• [Work to complete] Find the line containing "Filthy Friends, featuring" in the material below, then please transcribe it and each line after it exactly, without the pictures.

• [Collected data]
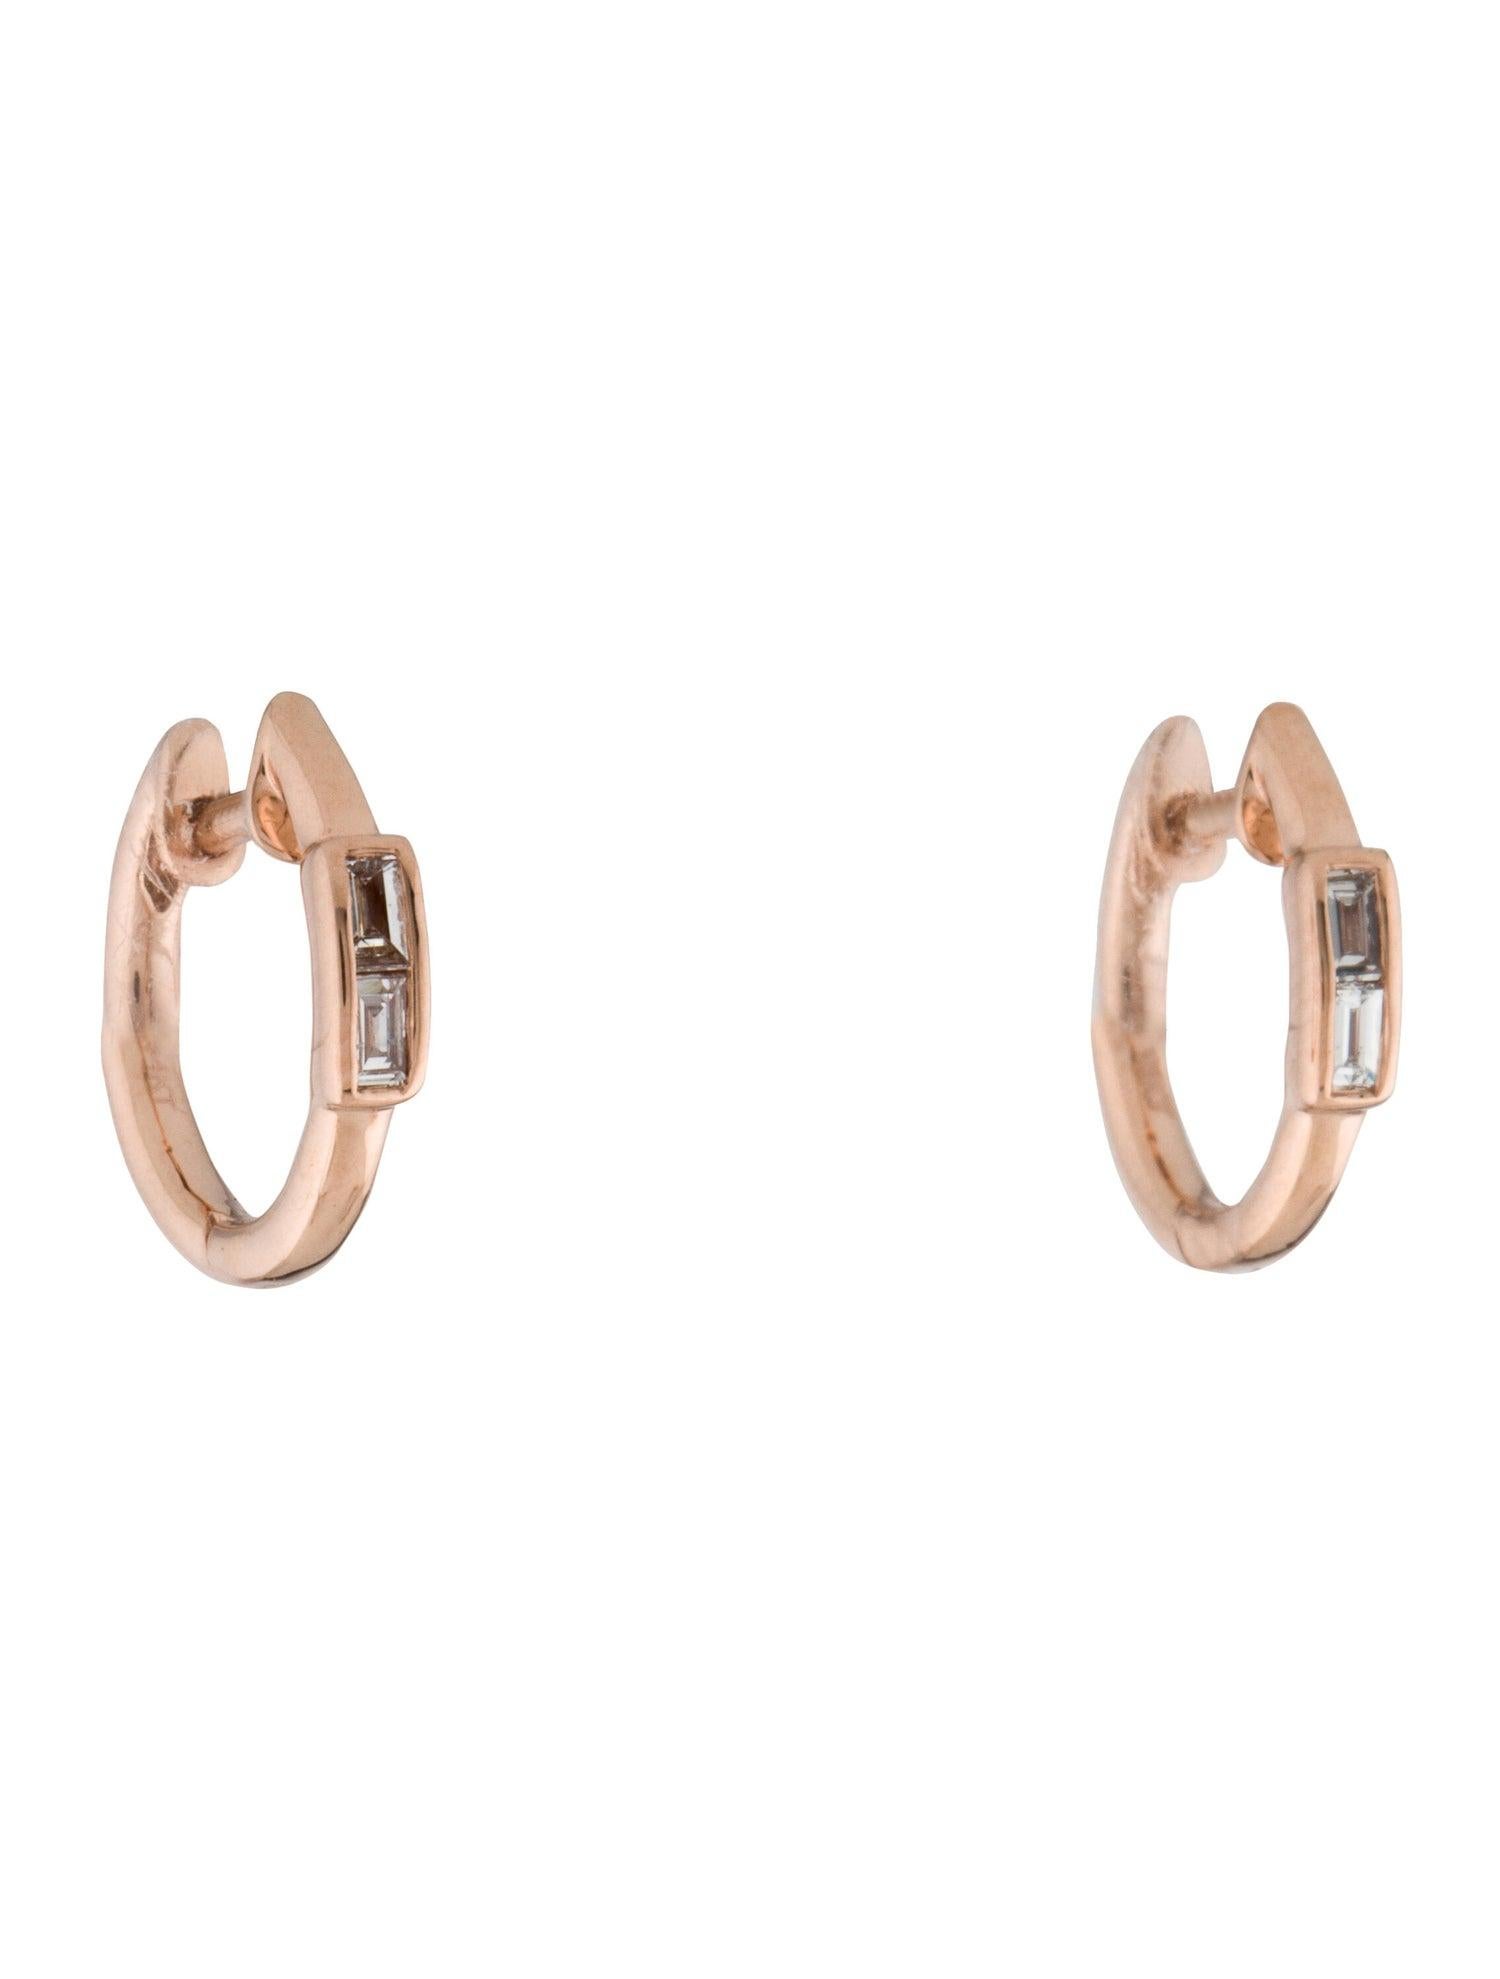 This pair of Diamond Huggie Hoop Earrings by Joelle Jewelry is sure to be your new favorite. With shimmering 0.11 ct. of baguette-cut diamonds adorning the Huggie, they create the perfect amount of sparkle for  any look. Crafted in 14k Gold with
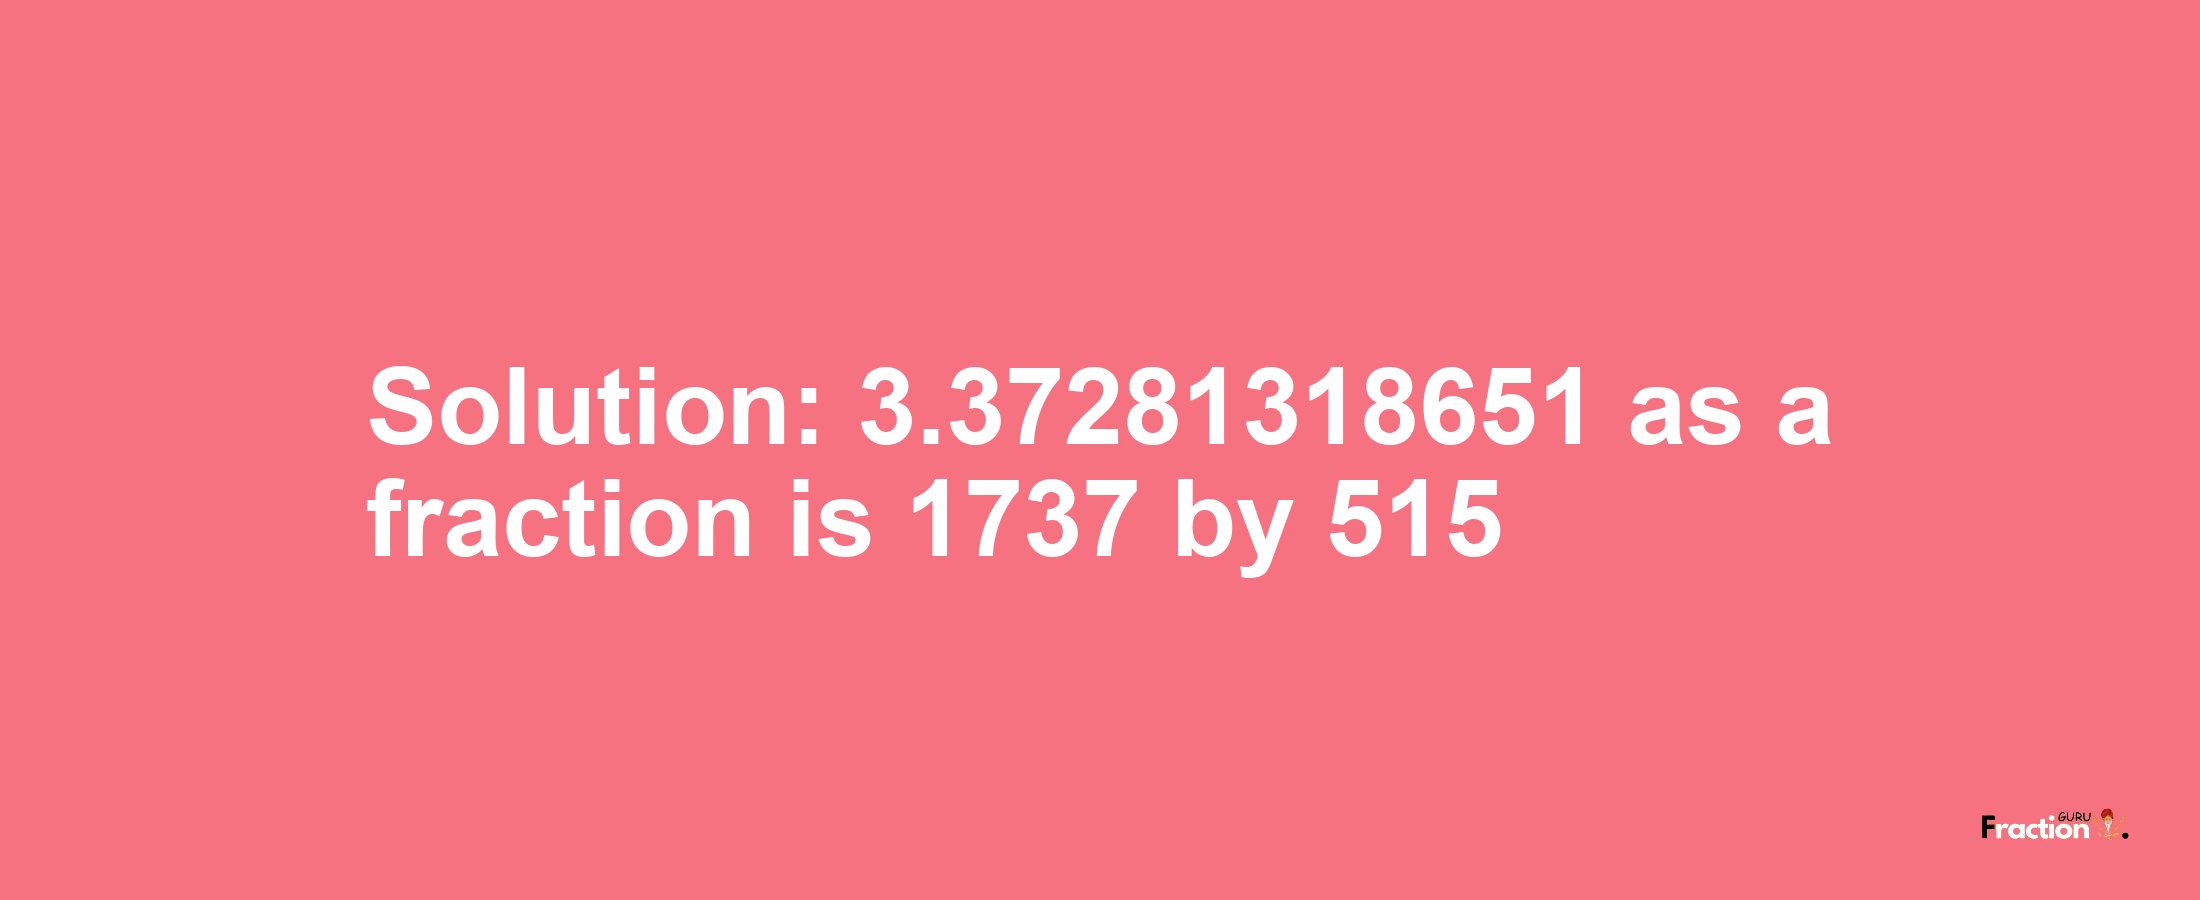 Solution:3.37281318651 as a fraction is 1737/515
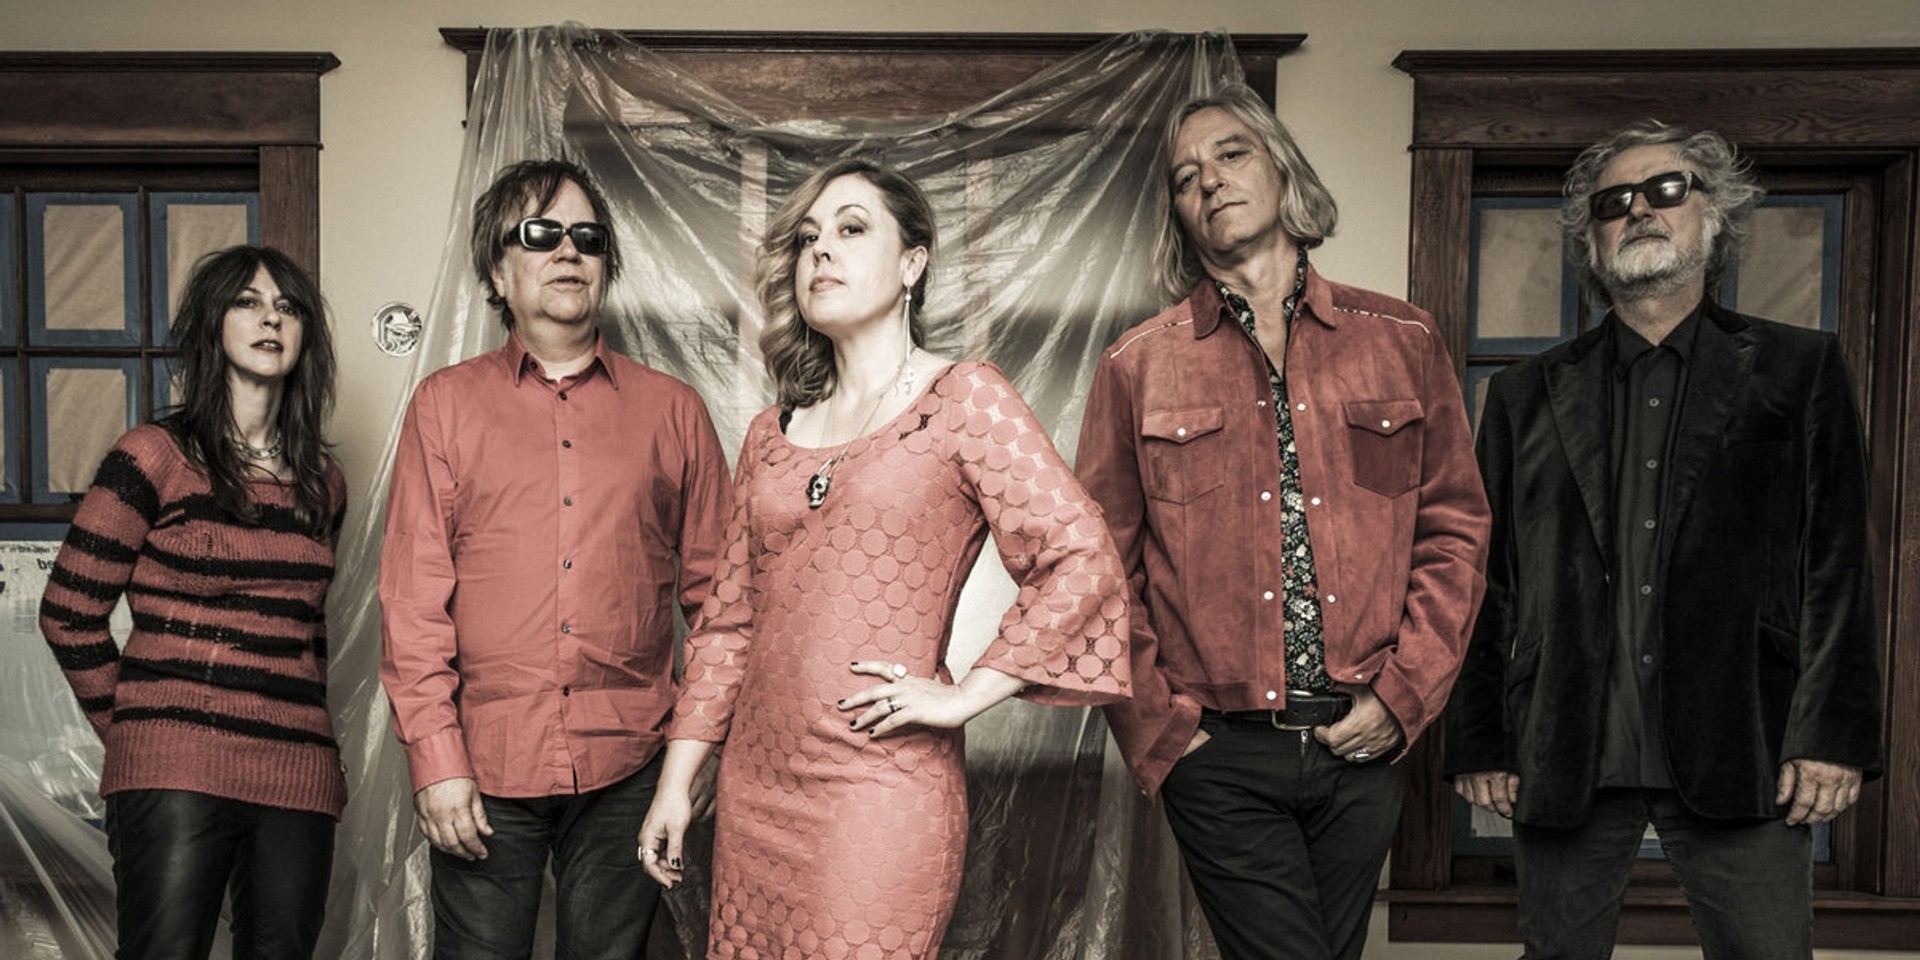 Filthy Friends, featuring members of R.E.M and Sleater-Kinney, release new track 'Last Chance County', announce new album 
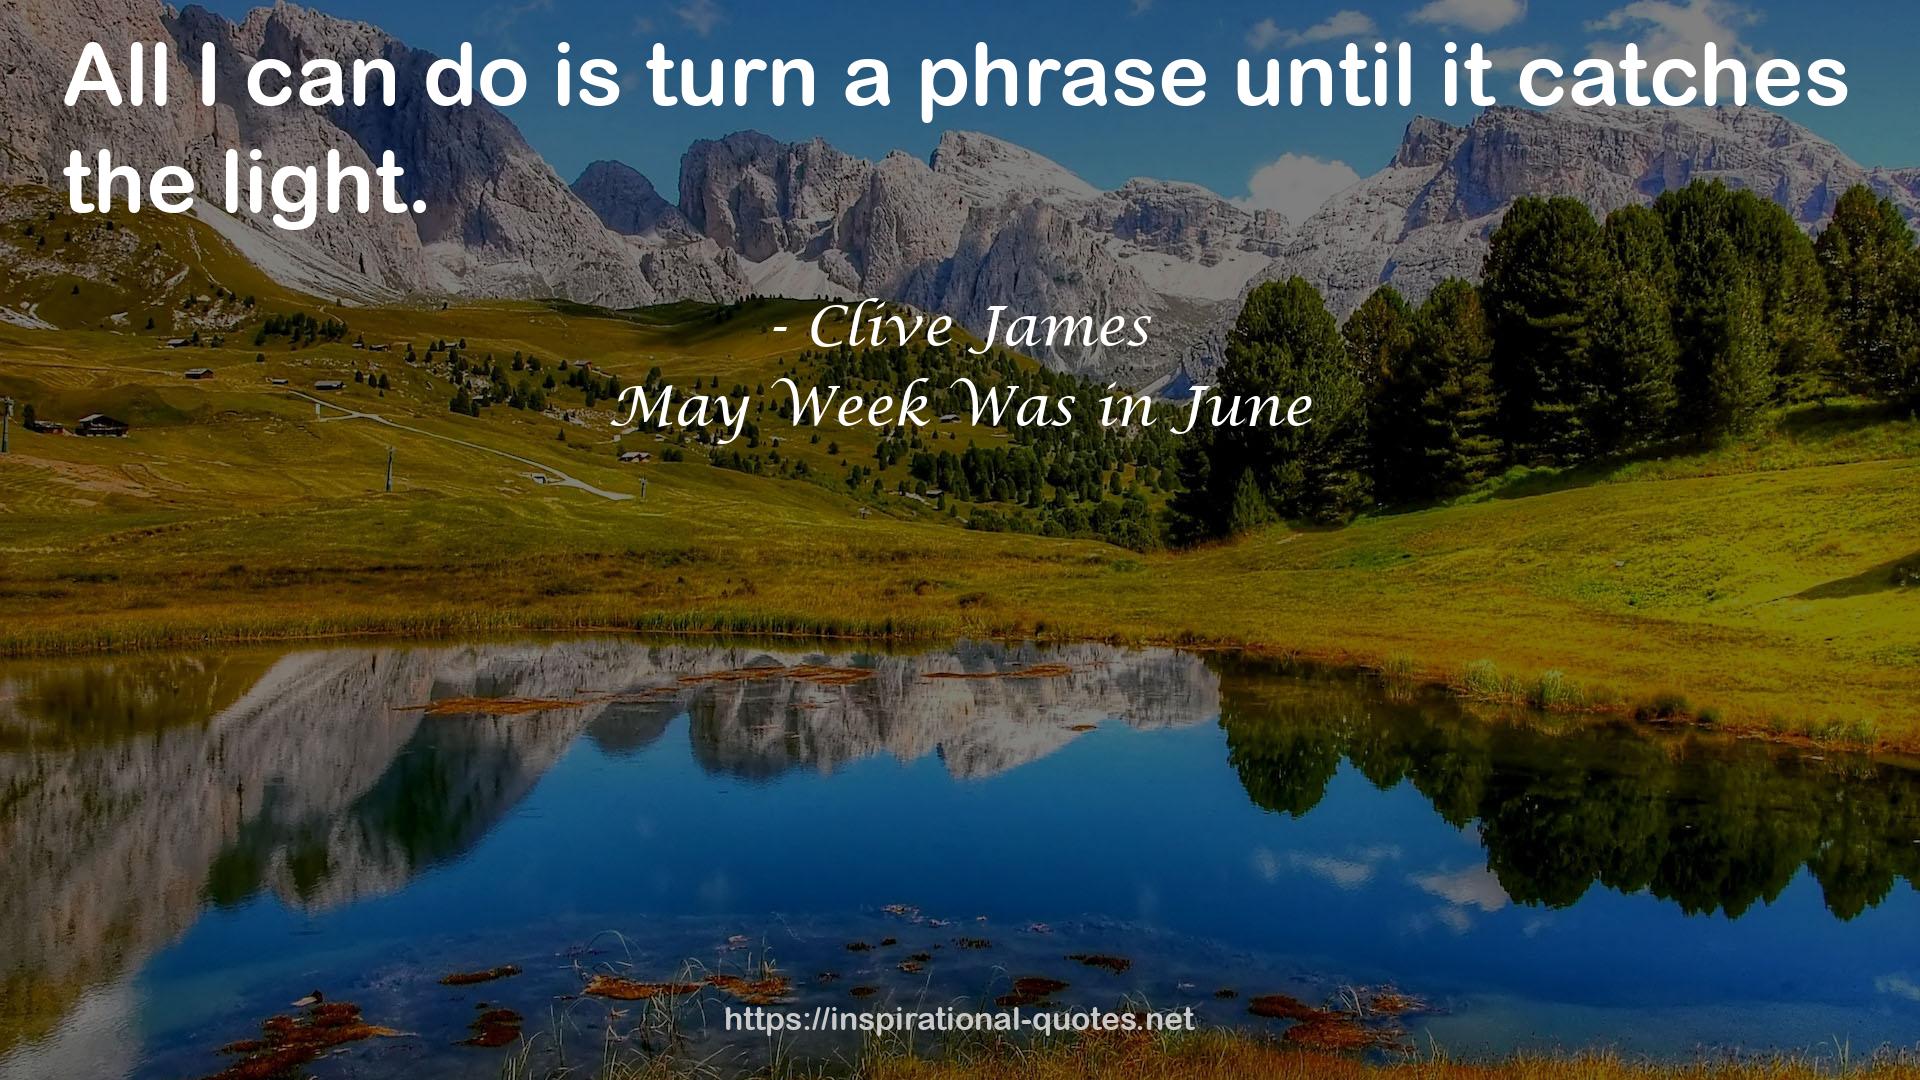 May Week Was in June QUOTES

• [Response to this exercise]
 Filthy Friends, featuring members of R.E.M and Sleater-Kinney, release new track 'Last Chance County', announce new album 
 May Week Was in June QUOTES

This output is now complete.